Of course I did. I had to look cool in front of my friends, didn’t I?

I chose the path called The Hourglass.

The Hourglass is made up of a single wire to walk on a wire to hold onto. As you’re walking across the wire that’s suspended among the treetops, the wire that you’re holding onto is gradually sloping downward. Once you’re in the middle of the path, the wire that you’re holding onto has descended enough that it is actually attached to the foot wire.
How high did I say this course was? Forty feet? Felt like 75.
So there I was, 125 feet in the air, squatting down on a wire, holding on to another wire for dear life. Behind me was another wire that was attached to the wire at my feet. That second wire slopes upward and leads to the second tower at the end of the course.
There was a trick. One I didn’t expect. There, in the middle of the course, 235 feet in the air, I had to let go of the wire in order to adequately turn my body and grab hold of the other wire and make my way toward safety.

 Let go.

My head knew what I needed to do. I think my heart even knew. But my body? Not so much.
Let go?
That was crazy talk. I was hanging 376 feet in the air. That cord at my feet was my only lifeline. And I was supposed to let go? There was no way I was letting go of that wire.
So I squeezed harder. My knees started to shake. The wire I was standing on started to sway. Sweat ran down my brow and started to sting my eyes. I was in bad shape. Things were looking bleak.
I was certain I was going to die up there. I just wasn’t sure how. Maybe I would shrivel up and die from dehydration. Or maybe I would just shake myself into oblivion. Or maybe my safety harness would wear out and I would tumble 563 feet to my doom.

So I stayed there and waited for my certain death. At least I had my safety helmet on, so when I finally fell to oblivion, the staff could sweep up all of the pieces into my helmet, wrap it up, slap a sticker on it and send me home on my way.

Friends down below were shouting encouragement. “Just let go with one hand! Everything will be OK!”

Of course, every time I tried that, the tightrope would shake. I’d panic. And then I’d find myself gripping the wire even tighter.

After an eternity, which was probably no more than five or six minutes in realtime, something unexpected happened. I heard a familiar voice from the tower.

“Matt,” the voice said. “I’m coming to you. We’re going to finish this together.”

It was Todd Bussey, my youth minister. He had come with our Troop on this camping trip, and had already taken his turn on the high ropes course. He had strapped on the safety equipment and was already making his way towards me on a nearby obstacle.

It only took a few seconds after he came out to me. He calmed me down. He coached me through the next steps and encouraged me as I let go of the wire and grabbed the other one. The rest was a piece of cake.

I survived the Hourglass. And I owe it all to Todd Bussey.

Todd is wrapping up a ministry at my home church that began back in the 1980s. He’s moving his family to Florida to write a new chapter of ministry with some new church work.

I know.

Florida.

Tough life, huh?

But he’s going to help turn the region upside down. Perhaps he’ll even shock the world. Because that’s what Todd does. It’s what he’s always done.
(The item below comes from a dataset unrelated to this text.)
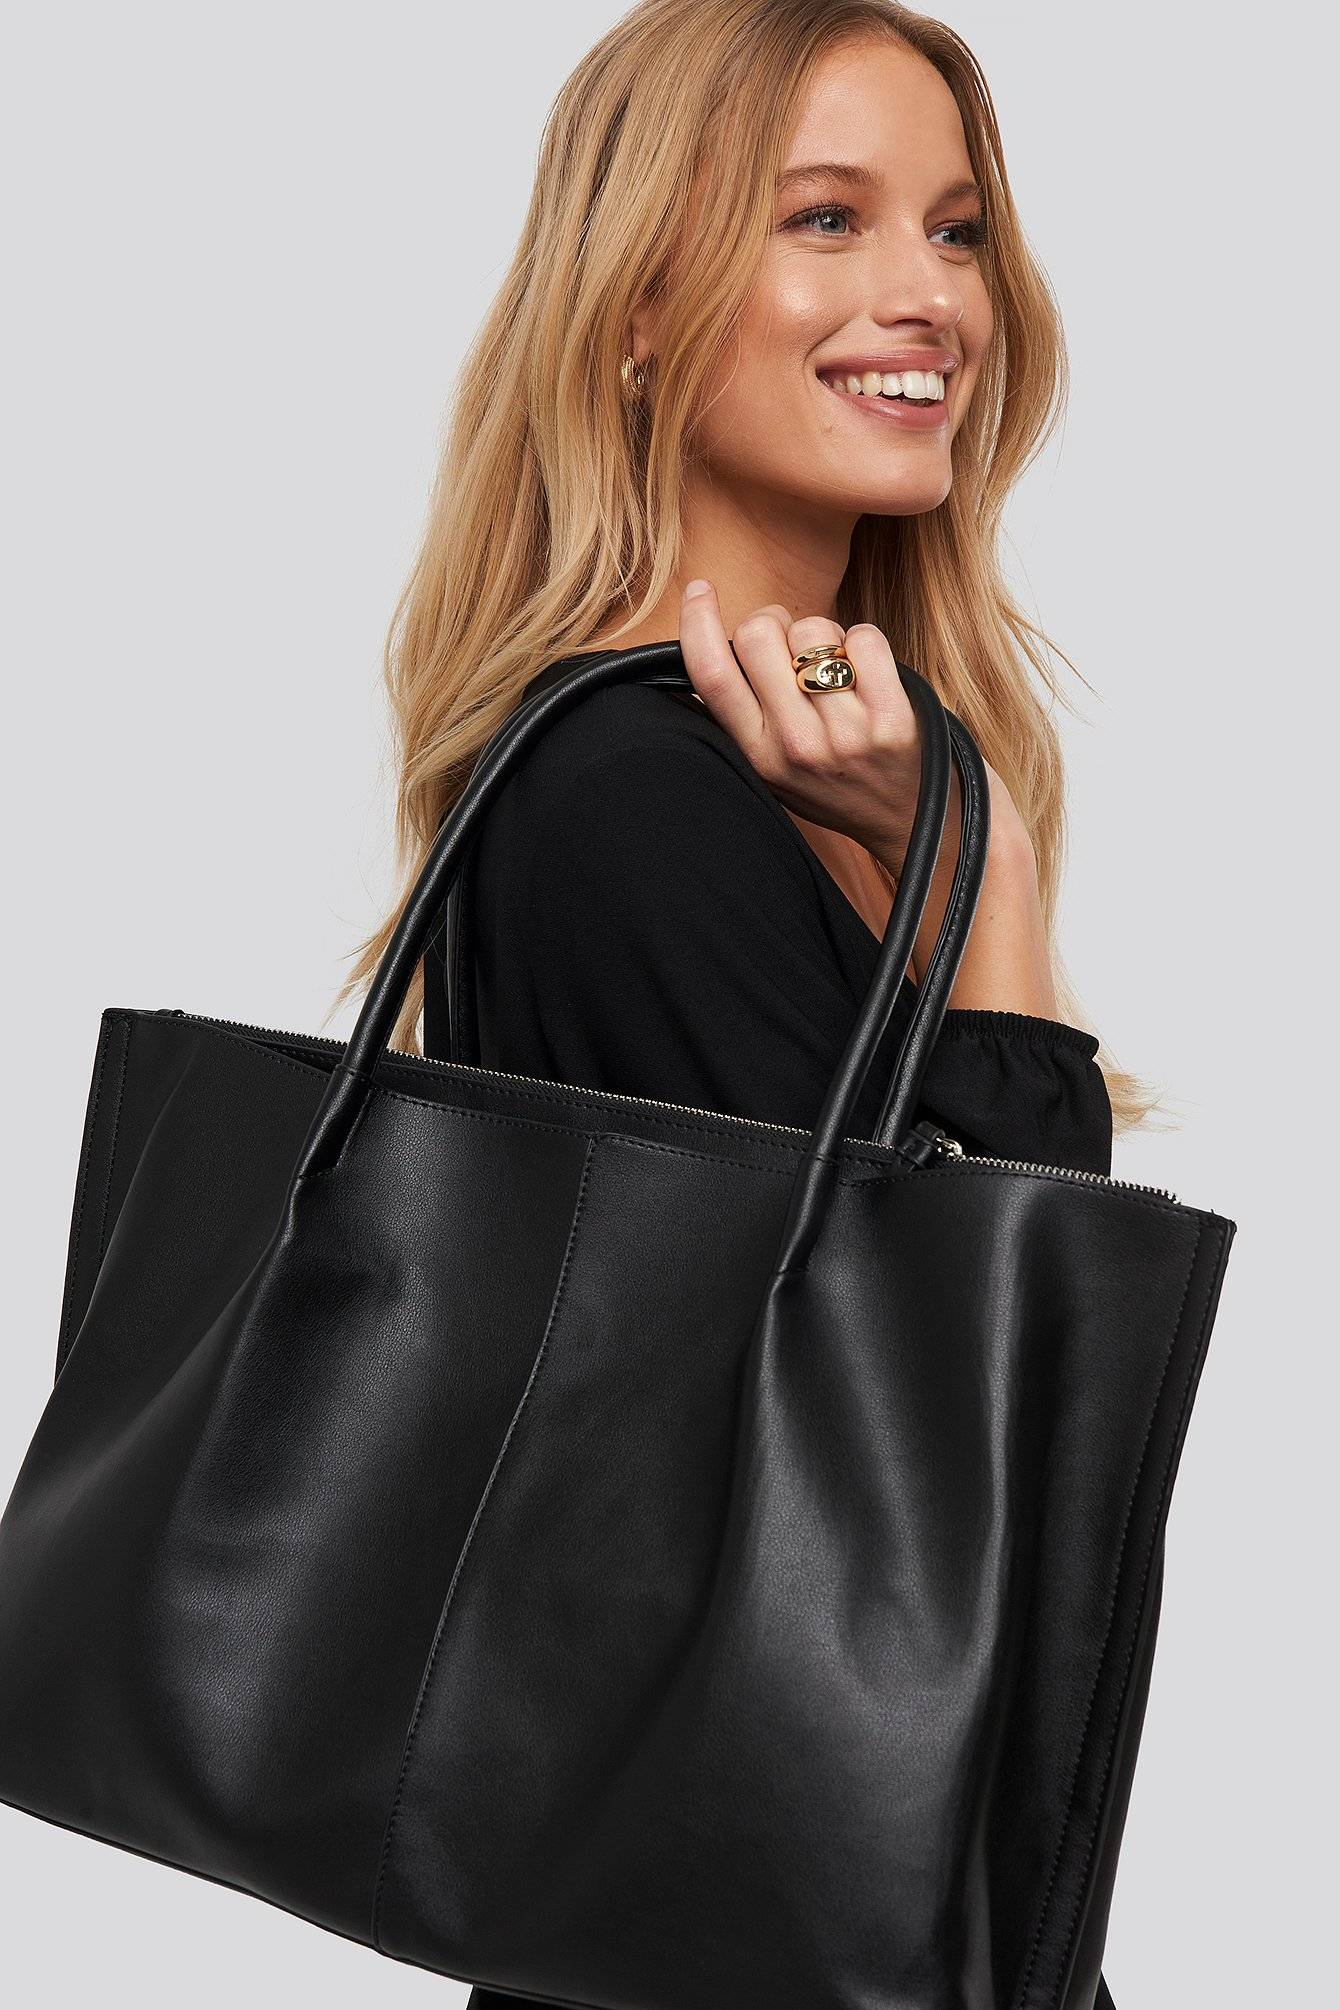 NA-KD Accessories Slim Handle Shopper - Black

Todd Bussey at the Welcome Back sign at Philmont Scout Ranch, 1990

Todd baptized me. He co-officiated my wedding. He ordained me. And if something unfortunate were to happen in the near future, I hope he’ll bury me, too.  We went on our first Philmont trek together. And he coached me through some important merit badges in Scouting, including Communication and Citizenship in the Nation. Of course, he was also a spiritual mentor of mine. We have some pretty great memories from five Summers in the Son together. Oh, and we were the Summer in the Son volleyball champions of 1990, even though we were the clear underdogs. And he even introduced me to A-180/Audio Adrenaline.
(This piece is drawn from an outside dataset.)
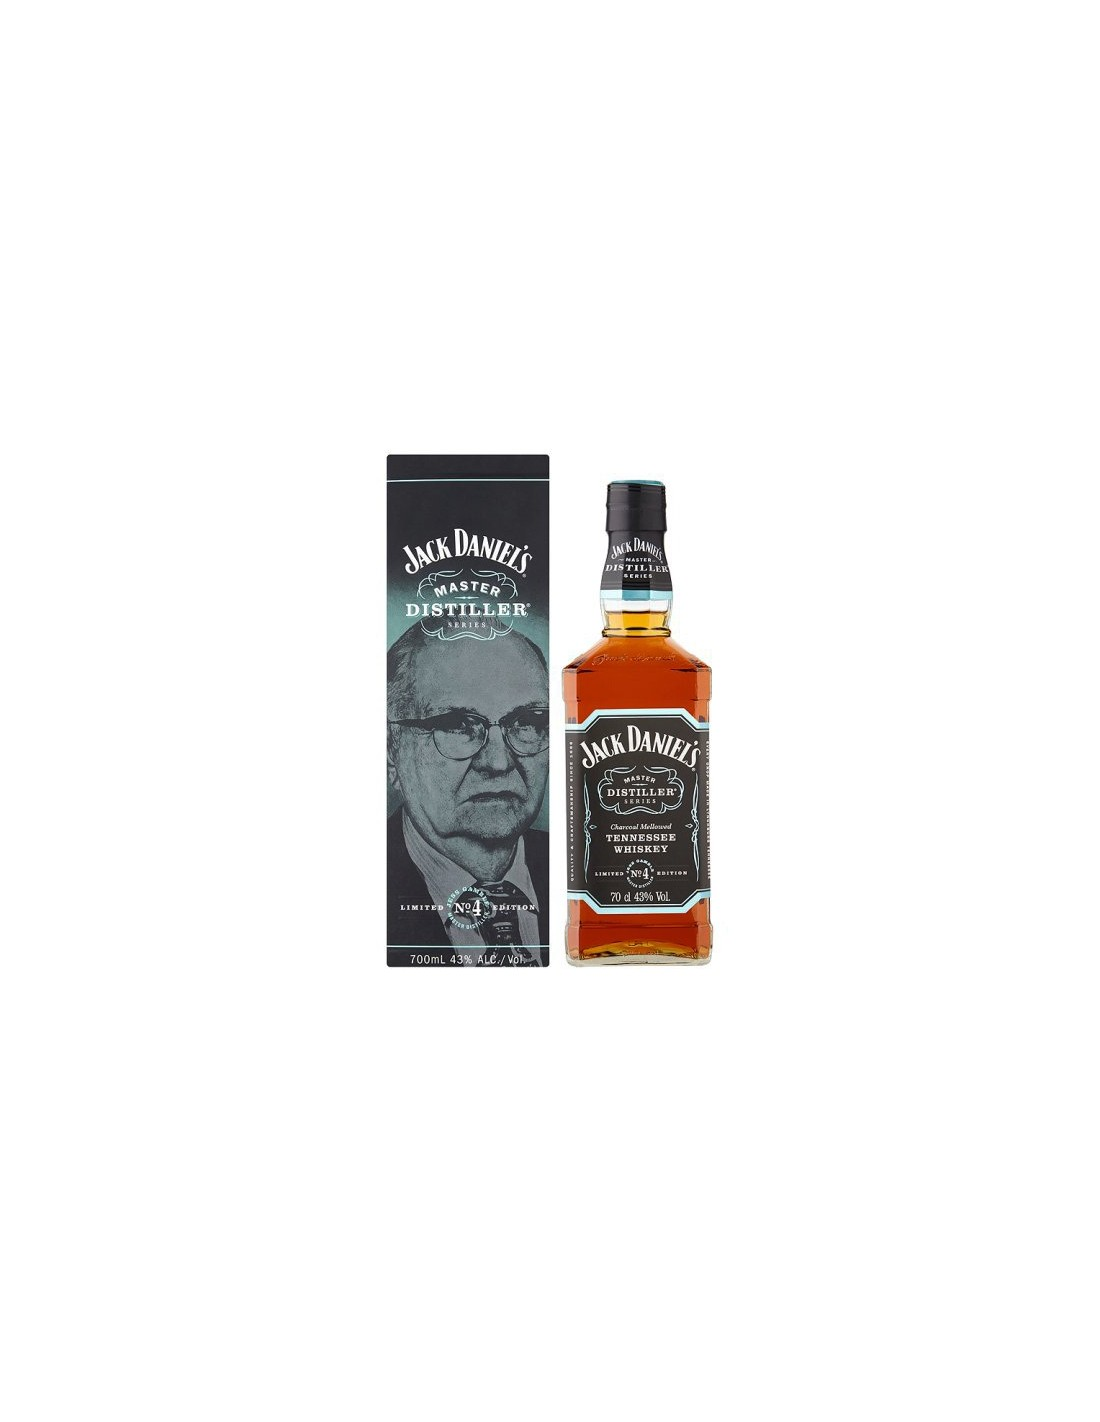 Whisky Bourbon Jack Daniel's Master Distiller No. 4, 43% alc., 0.7L, America

His story has been wrapped into my story for the past 30 years.

And I share this story about the high ropes course because it’s a nice little illustration of what he has done for me over and over and over again.

As a ministry coach, a spiritual advisor, a pastor, and a friend, Todd has always been there for me. He was there when my dad had a heart attack. He was there when I needed a listening ear after I left my first professional ministry. And he helped guide me through preparing for my first funeral as a preacher.

Just like when he was there for me 722 feet in the air, I have always been able to count on Todd Bussey to be there for me. And I know there are many other people who feel the same way.

This leaves a large hole in my home church’s leadership. Shoot, it leaves a large hole in the entire Tri-State area. But Evansville’s loss is going to be Jacksonville’s gain.

This most definitely is not goodbye, it’s “see you later.” In Florida. I can’t wait to see how God uses Him in this new chapter!

Thank you, Phil Gerhart. I’ll see you over the next ridge.

Mr. Gerhart and Crew on top of Tooth of TIme 1994I think it’s safe to say that I wouldn’t be the man I am today without the influence of Mr. Gerhart.* As my Scoutmaster, he invested his time and energy into young men like me. He showed us how to be servant leaders. If you look at the numbers, they speak for themselves. During his tenure as Scoutmaster of two different troops (Troop 412 and Troop 322), he saw 87 different young men achieve the rank of Eagle Scout (my brother and I are just two of those 87).  When you consider that only a small percentage of Scouts ever reach this rank, it is clear that he influenced several hundred young men over the years.

He saw something in me that many did not. For a variety of reasons, I did not reach my academic potential in middle school and high school. So I was not considered a good candidate for many leadership positions or leadership-related scholarships.**  But Mr. Gerhart saw something in me. He took me under his wing and showed me the true nature of a servant leader. Here are few examples of when he challenged me to grow as a leader and celebrated my successes…

“Matt, Jarod, remember this when you’re working here.”

Philmont Crew, 1990

During my first trek at Philmont Scout Ranch, we were met on the trail by one of our Troop’s graduates. He was on staff at Philmont that year, and we thought that was pretty cool. We’d spent a few days on the trail and we had grown tired of the re-hydrated dehydrated trail food that served as breakfast and dinner. All of a sudden, a watermelon appeared, courtesy of our friend the Phil-staffer.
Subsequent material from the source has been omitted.